В доме отца Гриша с детства видел самых разнохарактерных людей: тузов разных служб и профессий, имеющих всегда такой вид, словно они только что плотно пообедали, богатых толстых евреев, которые важно, по-гусиному, переваливались на ходу, известных докторов и адвокатов, профессоров и бывших радикалов. И отец называл за глаза тузов мошенниками, евреев – «жидовскими мордами», остальных – болтунами, ничтожеством. Когда Гриша только что начал читать серьезные книги, знакомиться с студентами, ему часто приходилось удивляться: вдруг оказывалось, что какой-нибудь писатель или знаменитый профессор, который представлялся человеком необыкновенным, – ни больше ни меньше, как «идиот», «посредственность», вся известность которой основывается на энциклопедических иностранных словарях да на приятельстве с людьми влиятельными. И говорил это не кто-нибудь иной, а сам Петр Алексеич, которому было достаточно рассказать в шутливом тоне, что такая-то знаменитость затыкает уши ватой, любит чернослив и, как огня, боится жены, чтобы авторитет этой знаменитости навсегда померк в глазах Гриши. Такие же новости привозил из столицы и Игнатий, а он, как человек крайне нервный, был еще более резок в мнениях.

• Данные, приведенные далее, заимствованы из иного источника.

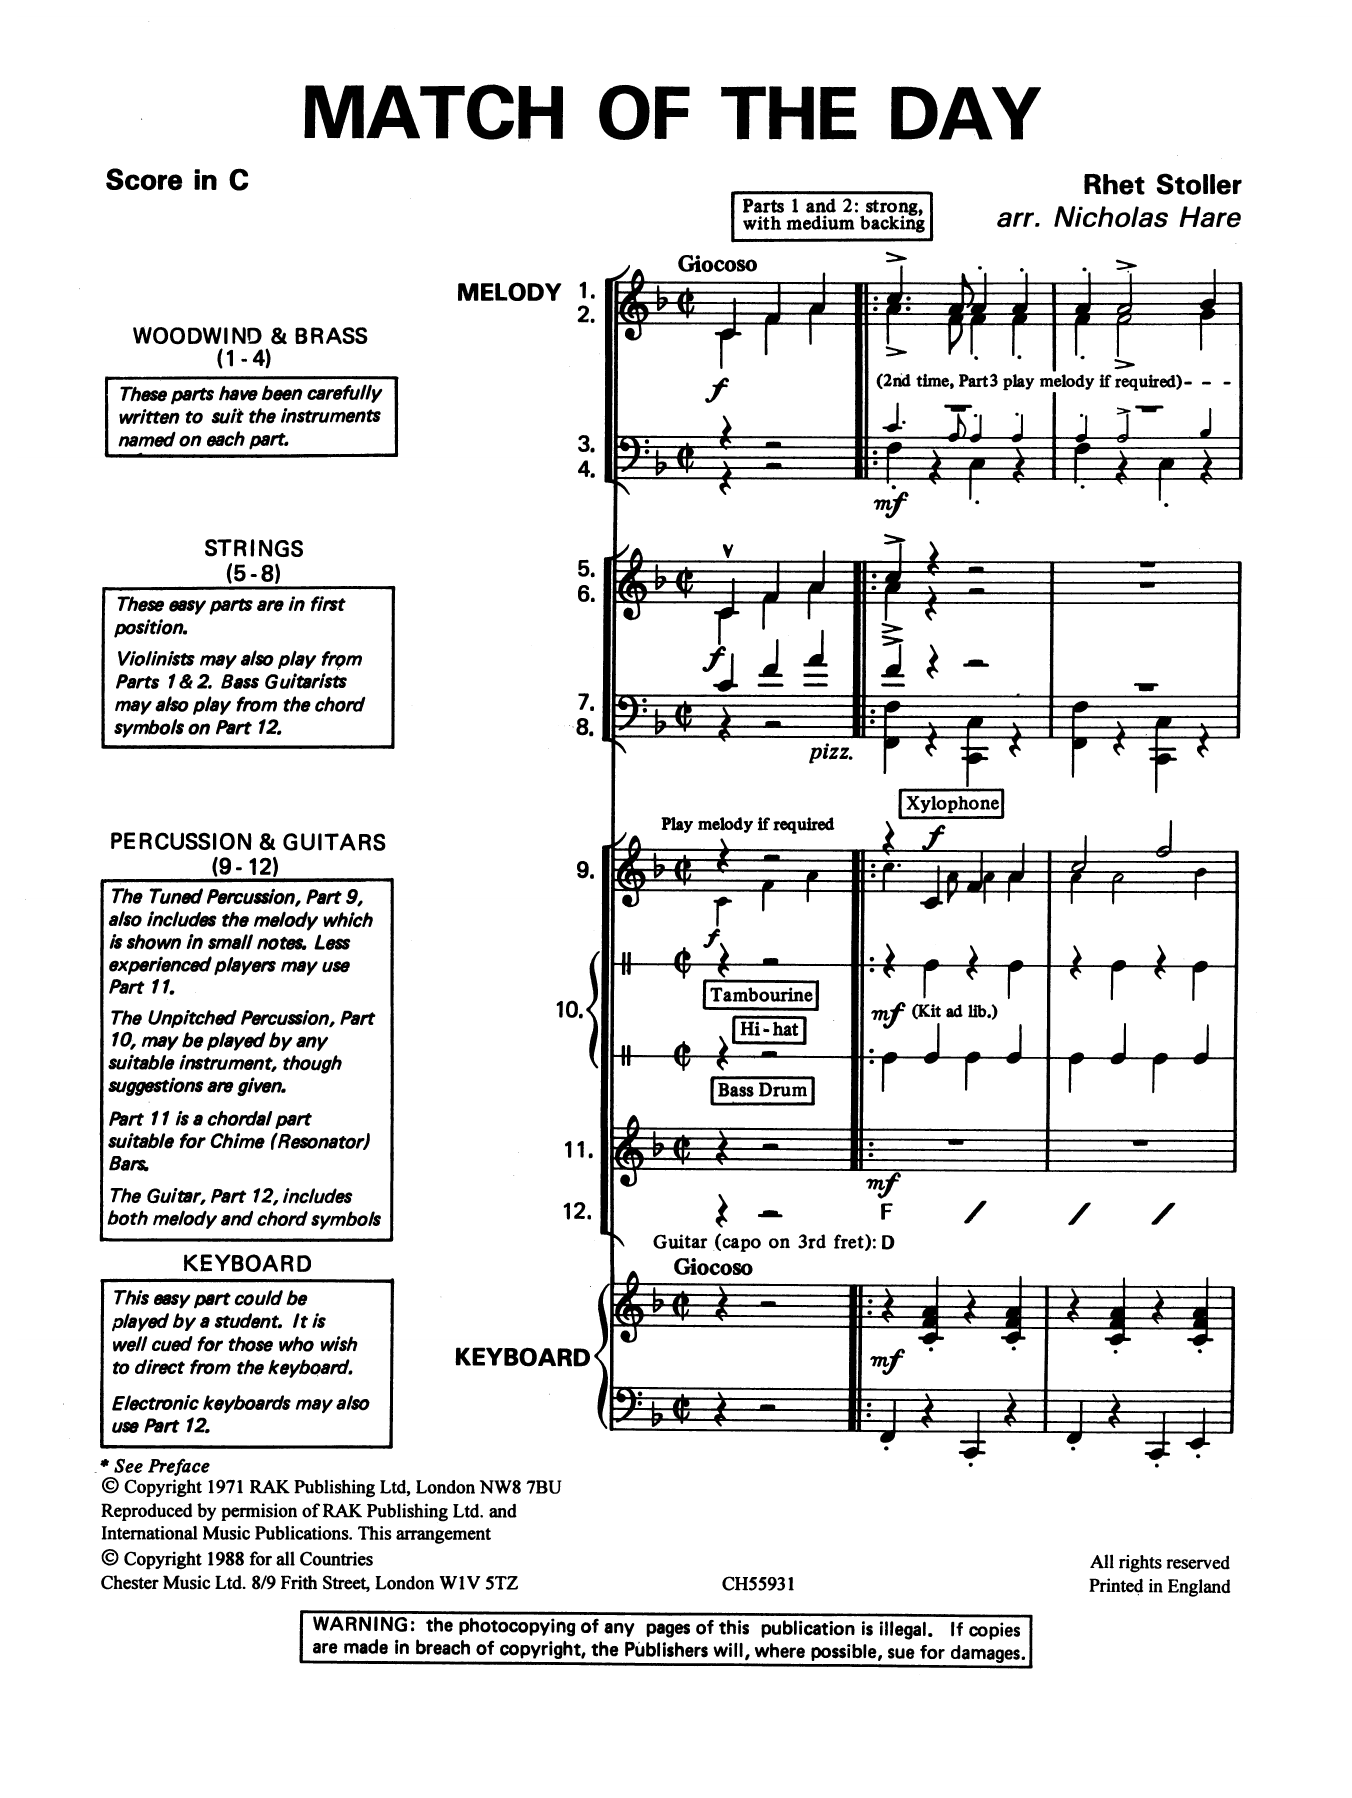 Download Barry Stoller Match Of The Day Sheet Music
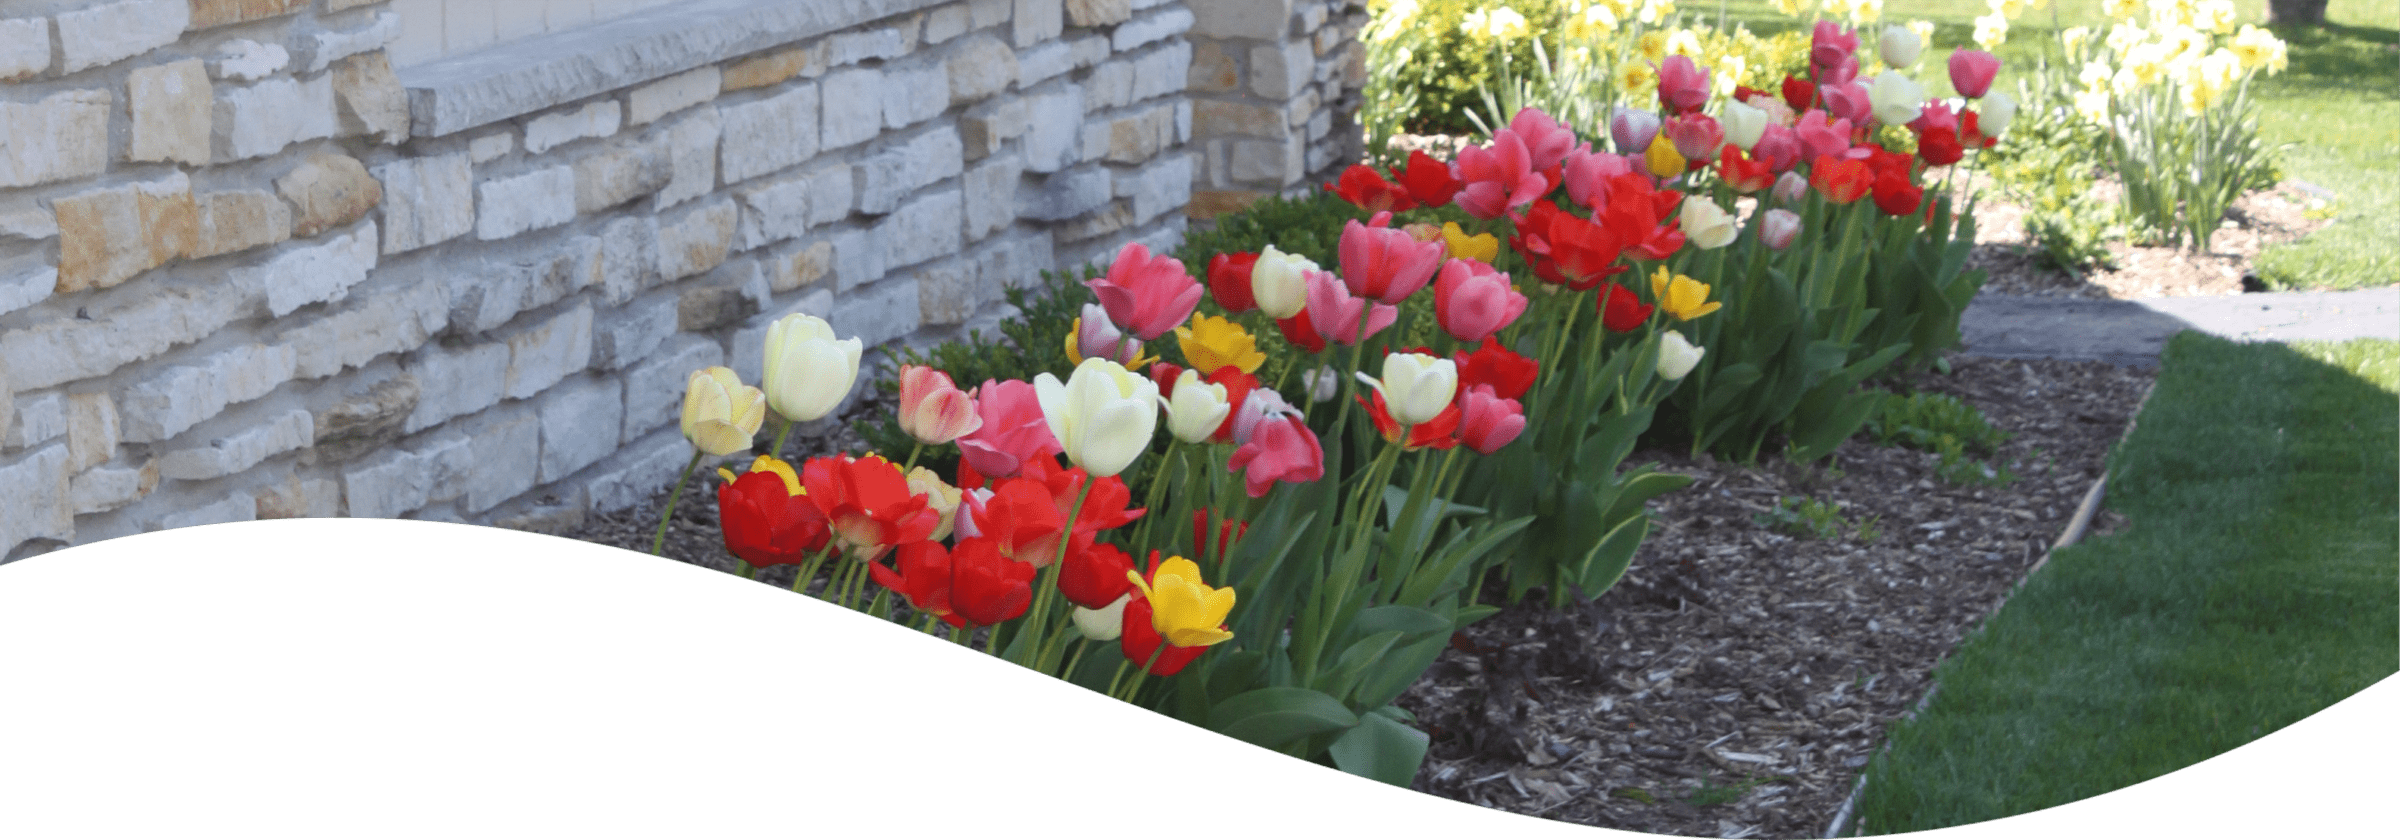 A vibrant garden bed with a mix of red, pink, yellow, and white tulips against a stone wall, under a sunny sky, beside a grassy lawn.

– Что ж, и терпентин на что-нибудь полезен, – сказал он однажды словами Пруткова, когда зашел разговор о толстовцах и о толстовском учении – этой «доморощенной философии самоучки с недисциплинированной головой». И Гриша, робея Каменского, усвоил себе манеру насмешливо щуриться, думая о нем.
Жил Каменский на мельнице, в версте от деревни. Мельница стояла на зеленом выгоне, к югу от дачных садов, там, где местность еще более возвышалась над долиной. Хозяин почему-то забросил ее: маленькое поместье с высоким тополем над соломенной крышей избушки, с бурьяном на огороде медленно приходило в запустение. Внизу, в широкой долине, темным бархатом синели и, сливаясь, округлялись вершины лесов. Мельница, как объятья, простирала над долиной свои изломанные крылья дикого цвета. Она, казалось, все глядела туда, где горизонт терялся в меланхолической дымке, а хлеба со степи все ближе и ближе подступали к ней; двор зарос высокой травою; старые серые жернова, как могильные камни, уходили в землю и скрывались в глухой крапиве; голуби покинули крыши. Одни кузнечики таинственно шептались в знойные летние дни у порога избушки, мирно дремлющей на солнце.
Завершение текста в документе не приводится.